- Born: Jessica Mair May 14, 1984 (age 42) Edmonton, Alberta, Canada

Curling career
- Hearts appearances: 2 (2012, 2013)
- World Championship appearances: 1 (2012)

Medal record
Curling
Representing Canada
World Championships
| Bronze medal – third place | 2012 Lethbridge |  |
Representing Alberta
Scotties Tournament of Hearts
| Gold medal – first place | 2012 Red Deer |  |

= Jessica Amundson =

Canadian curler

Jessica Amundson (born May 14, 1984 as Jessica Mair) is a Canadian curler. She played second for the 2012 national champion Heather Nedohin rink.

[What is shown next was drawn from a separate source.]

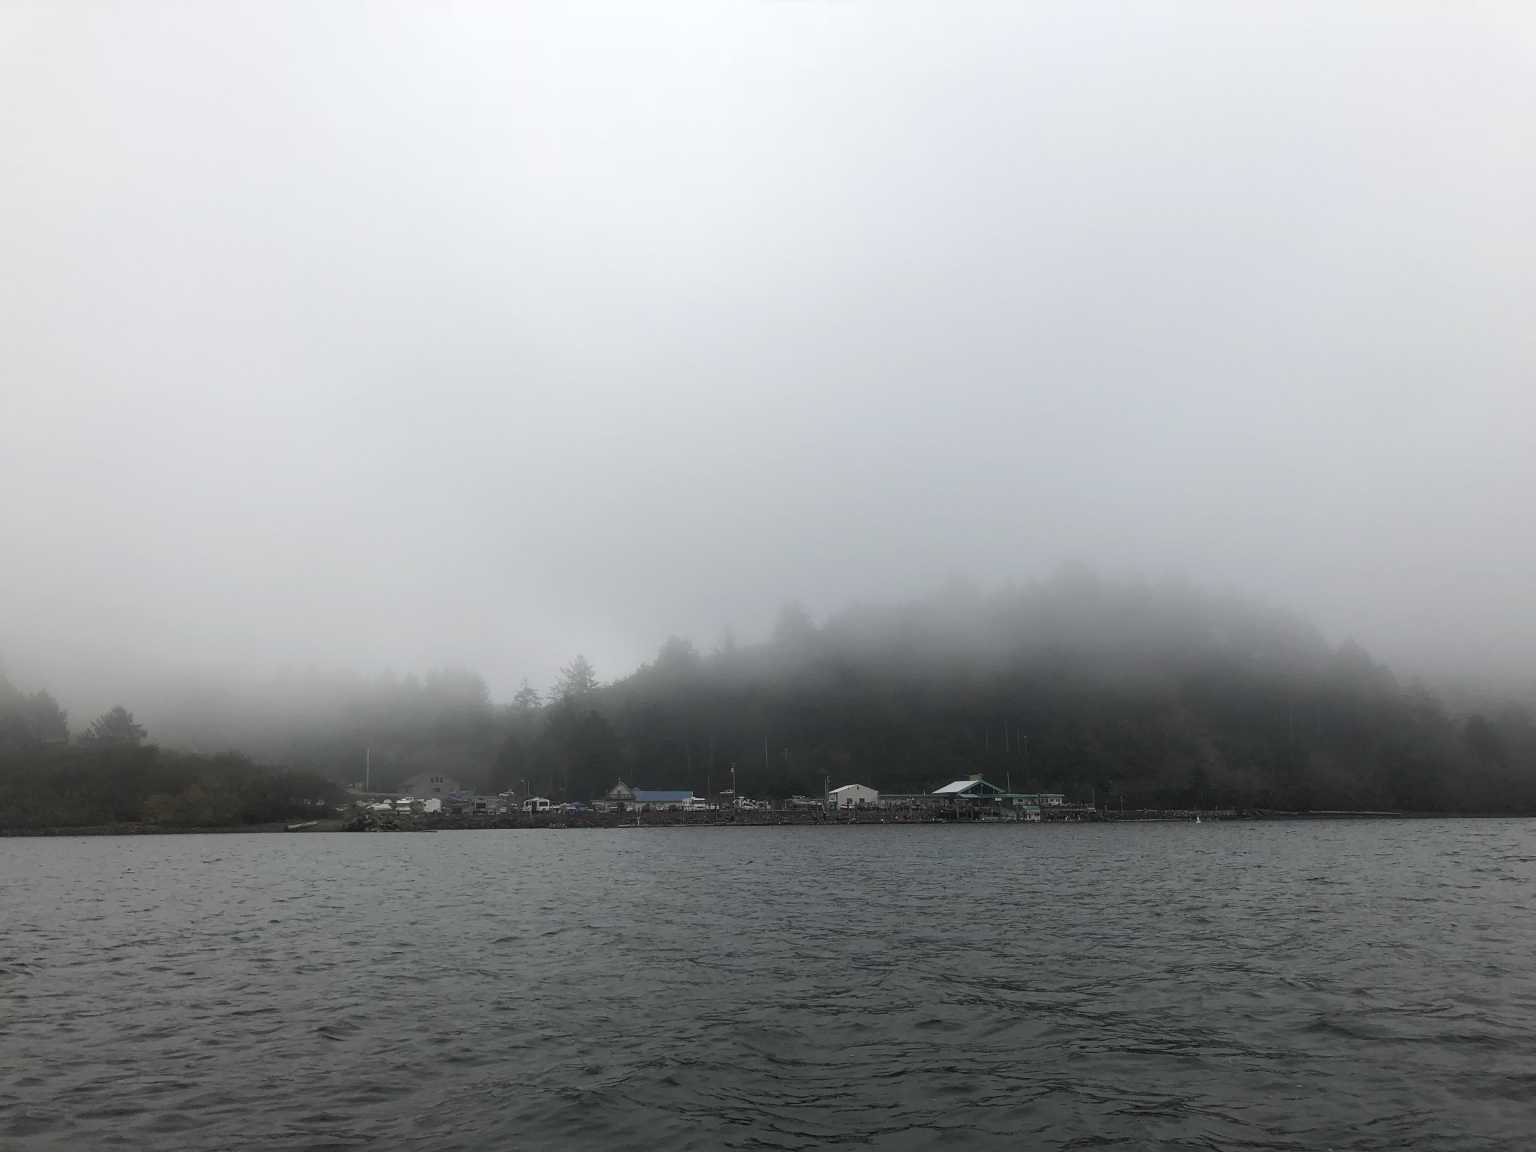 It was a foggy day

Before joining the Nedohin rink, Amundson was a top collegiate curler. In 2005, she won the Alberta collegiate championship. She also represented the University of Alberta at the 2010 CIS/CCA Curling Championships, where her rink lost to the University of Waterloo in a tie-breaker.

In 2009, Amundson joined the Nedohin rink. The team won their first national championship in 2012, at the 2012 Scotties Tournament of Hearts.

She has not curled competitively since 2014.

==Personal==
Amundson is a grade six teacher in Beaumont, Alberta.